И всё равно это лишь друг, пусть самый верный и добрый, который, увы, не может заменить спутника жизни. А муж... “Лев Николаевич страшно сосредоточен в своей работе, и весь мир для него не существует. А я как была всю жизнь одинока с ним, так и теперь. Я нужна ему ночью, а не днём, и это грустно, и поневоле пожалеешь о прошлогоднем милом товарище и собеседнике”. И опять — “милый товарищ и собеседник”. Это Сергей Иванович Танеев. Да, внешне он был мало интересен, всегда ровный, крайне закрытый, но собеседником был непревзойдённым! Стоило послушать его ровный, спокойный голос — и всё прояснялось, успокаивалось. Танеев сумел “отравить” Софью Андреевну музыкой, научил её любить и слушать. Она ценила его дружбу, очень любила его приходы “только для неё”: можно было просто посидеть, поговорить, содержательно провести время. Только вот ревность Льва Николаевича слегка притемняла их чистые, дружеские отношения.

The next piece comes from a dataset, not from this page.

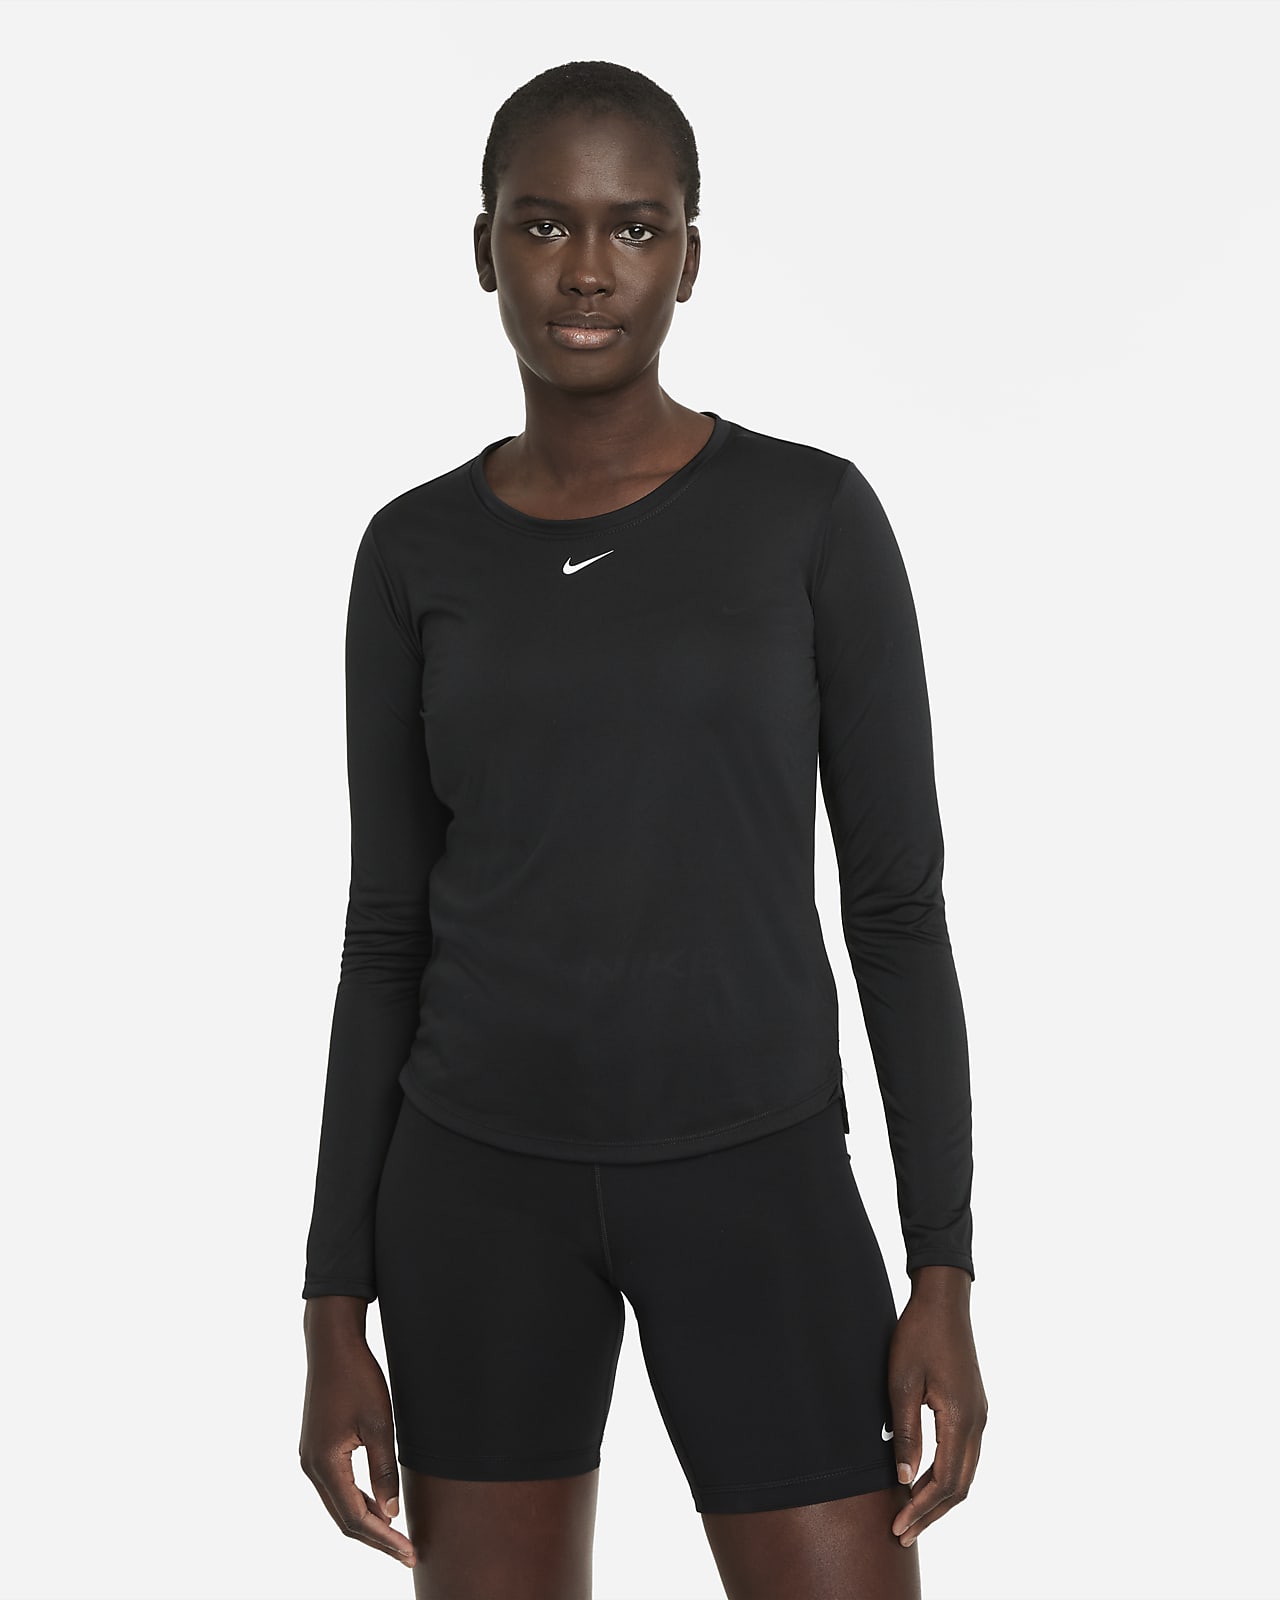 Playera de manga larga con ajuste estándar para mujer Nike Dri-FIT One

Хотя так ли уж излишне подозрительным был Лев Николаевич? Любовь — этим словом определяла сама Софья Андреевна свои отношения с Танеевым. “О, как на склоне наших дней // Нежней мы любим и суеверней...” — часто и недвусмысленно декламировала она стихи. Прекратить отношения с ним было бы для неё страданием, было бы так же невозможно, как невозможно “не смотреть, не дышать, не думать”. Никто не играл для неё так, как играл он. “Когда он доигрывал полонез, — вспоминала Софья Андреевна, — я уже не могла сдерживать свои слёзы, и так меня и трясло от внутренних рыданий”. Если Лев Николаевич вынес в эпиграф к «Сонате» евангельскую фразу о том, “что всякий, кто смотрит на женщину с вожделением, уже прелюбодействовал с нею в сердце своём”, то смогла бы Софья Андреевна повторить это о мужчинах? Вопрос праздный и, конечно, неуместный. Определённо — нет. На то не было и не могло быть никаких оснований. В период, когда не зарубцевалась ещё рана от внезапной потери любимого Ванечки, когда душевная пустота и “утраченное внутреннее равновесие” всё чаще и чаще подвигали её к размышлениям о смерти, когда все дети разъехались, а Лёвочка замкнулся на богоискательстве, Софья Андреевна только и могла “одурять” себя музыкой доброго Сергея Ивановича или поэзией милого Афанасия Афанасьевича. Из письма к сестре Т.А.Кузьминской: “Как я не анализирую себя, как строго не спрашиваю себя, ответ один: я никого не могу любить больше Лёвочки, и никогда не могла. Но если у меня отнять возможность видеть и слышать игру Танеева, то мне будет очень тяжело”.
И всё-таки, как ни была оскорбительна «Соната» для двадцатисемилетней супружеской жизни Софьи Андреевны, это не помешало ей заботливо переписывать повесть, а затем хлопотать перед самим Государем о включении её в тринадцатый том полного собрания сочинений. Как иначе могла поступить жена великого Льва? Погасив чувство личного оскорбления, переступив через обиды, она не посмела опубликовать свой ответ на «Крейцерову сонату». (В разговоре с редактором «Северного вестника» она заметила: “Эта повесть дождётся своего времени: после моей смерти”.) Это сознание ответственности перед потомками и перед Богом удерживало Софью Андреевну от публичных “ответов”, но подвигало подняться “если не вровень”, то хоть “на расстояние понимания” человека, разделившего с ней сорок восемь лет совместного бытия.